§ **DATA TO EXAMINE**
━━━

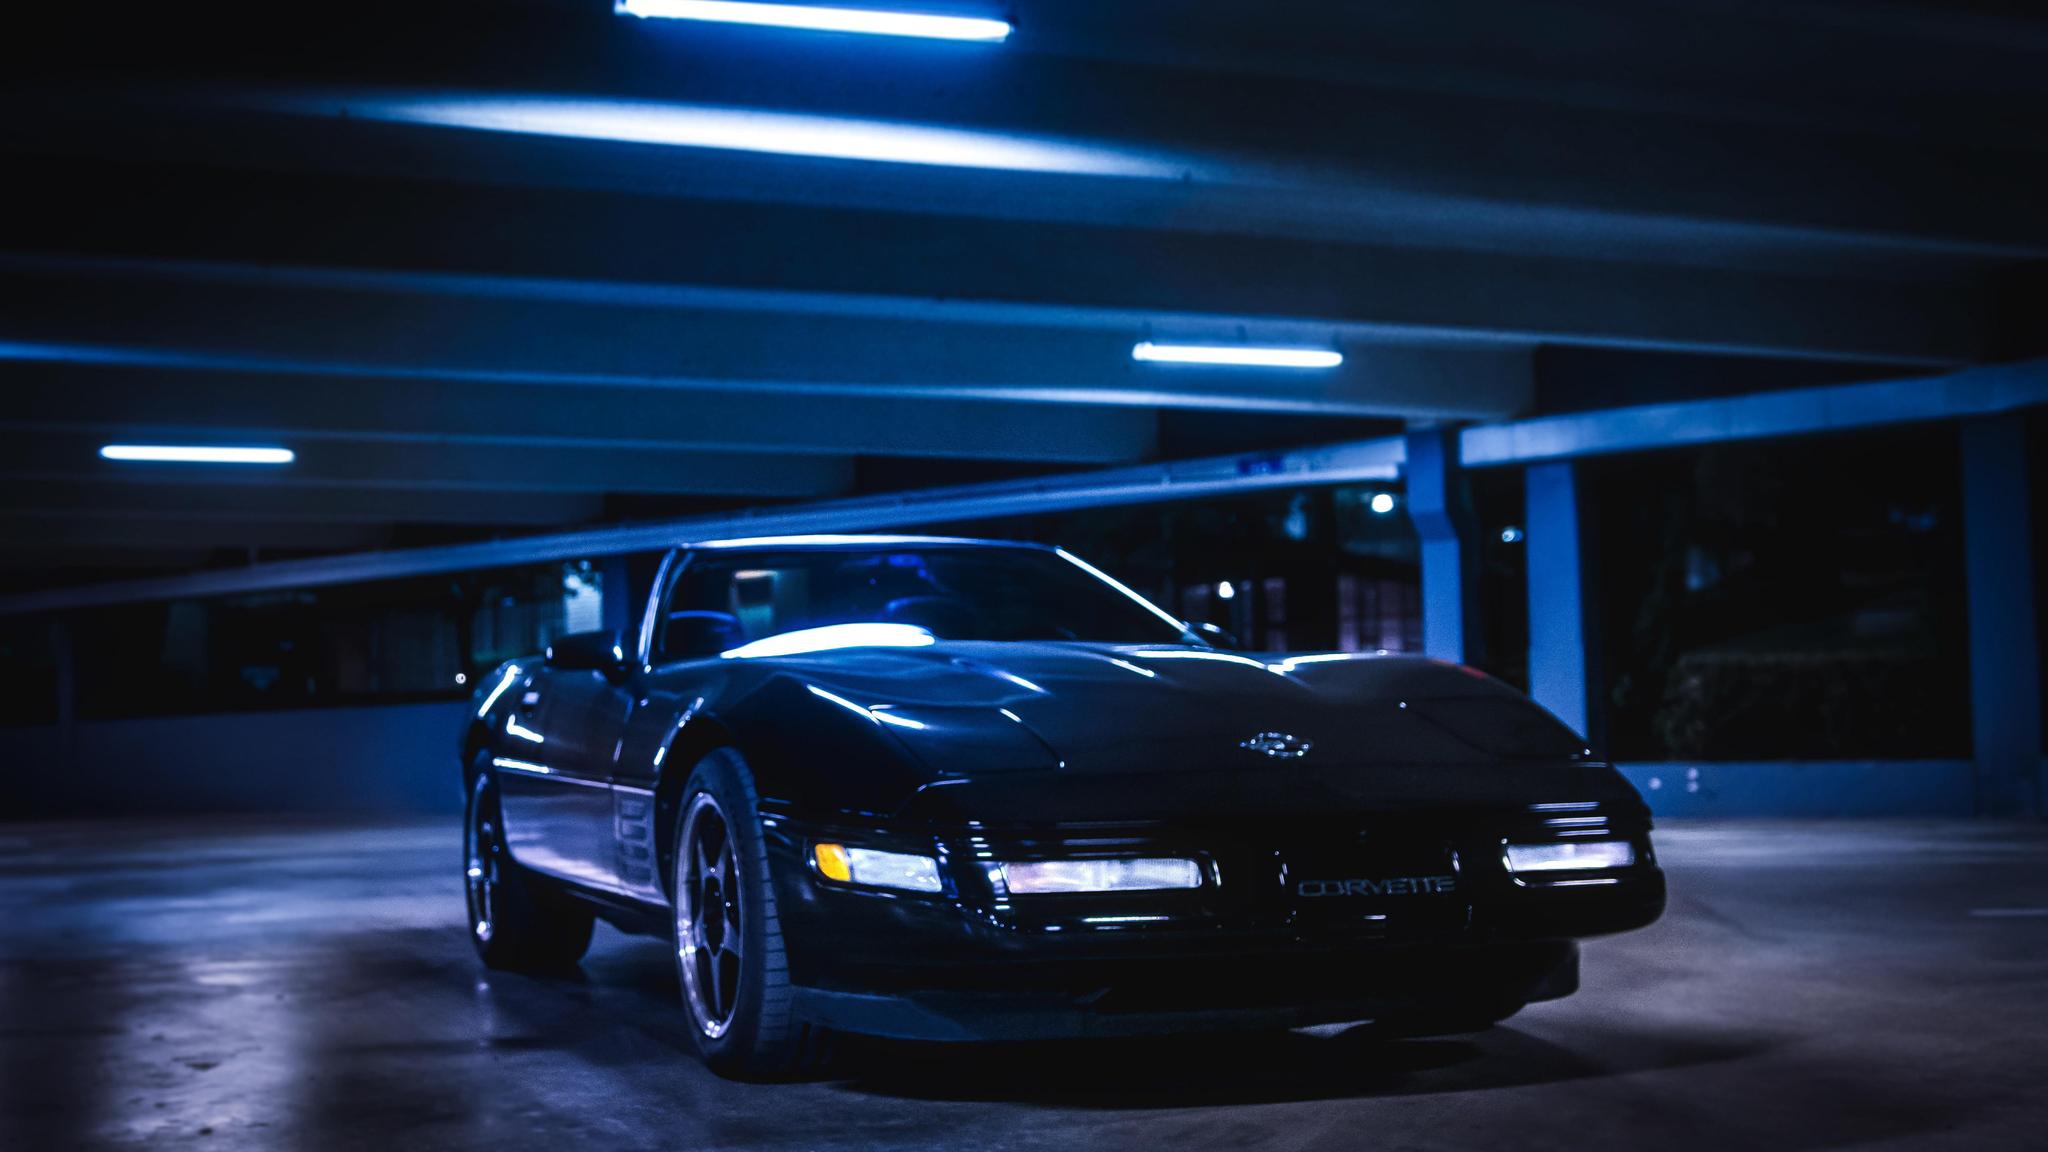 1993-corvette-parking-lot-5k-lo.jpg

━━━

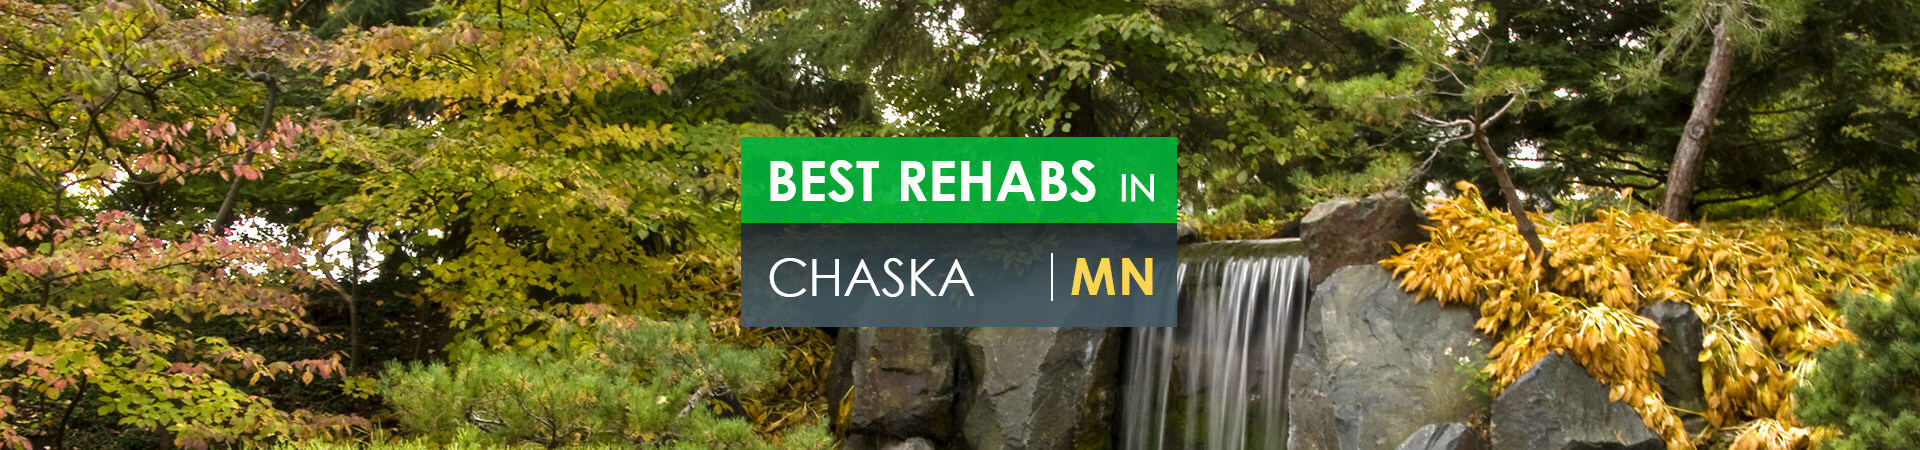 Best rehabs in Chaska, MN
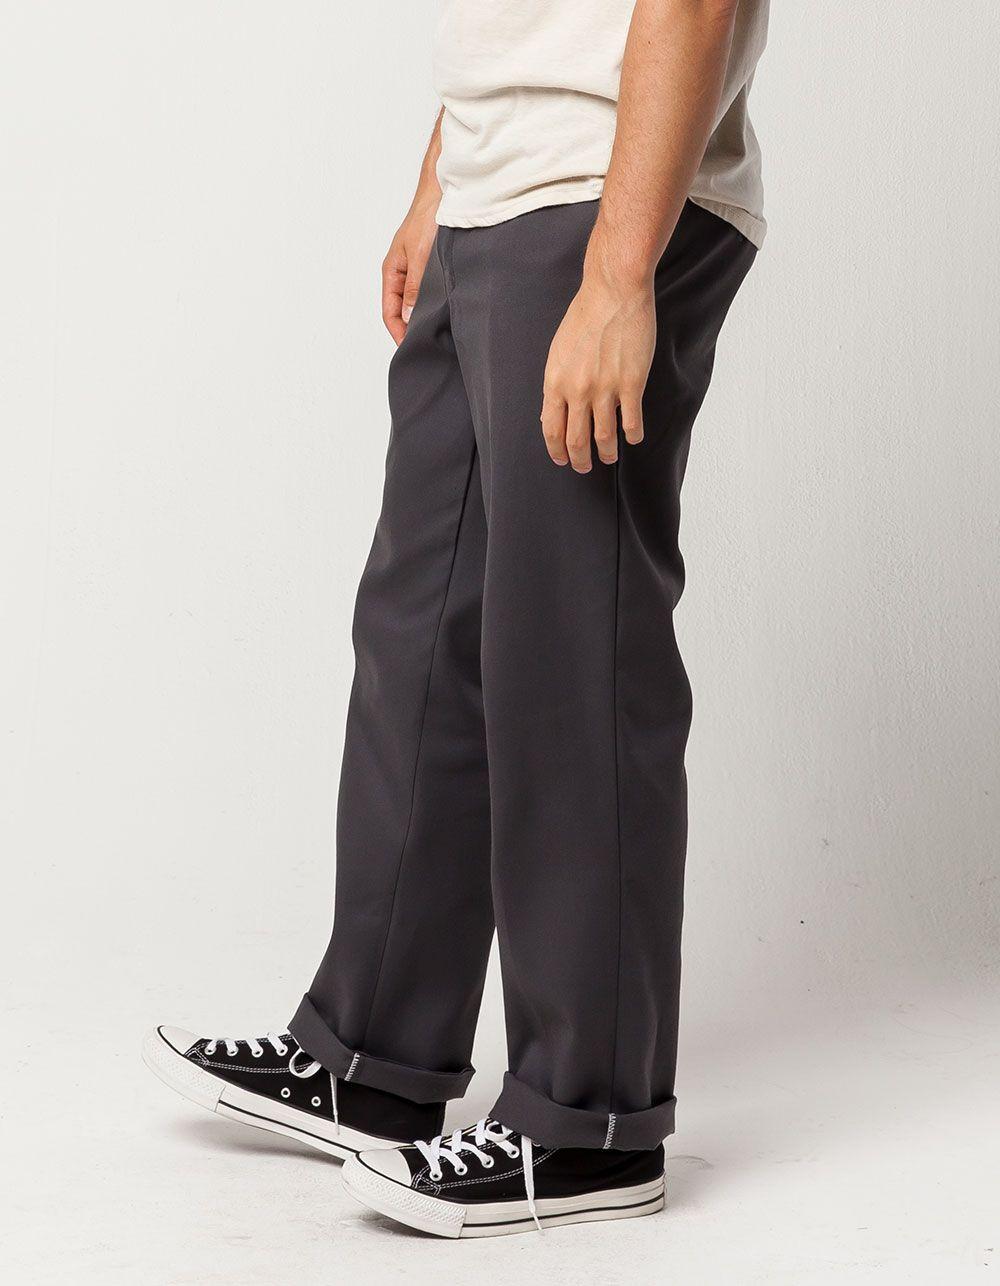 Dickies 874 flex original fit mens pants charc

━━━

Using the data above, output the line that has "Best rehabs in Chaska, MN", the line that has "Dickies 874 flex", and whatever lines fall between, each exactly as it stands and without pictures.

§ **RESULT BELOW**
 Best rehabs in Chaska, MN
 Dickies 874 flex original fit mens pants charc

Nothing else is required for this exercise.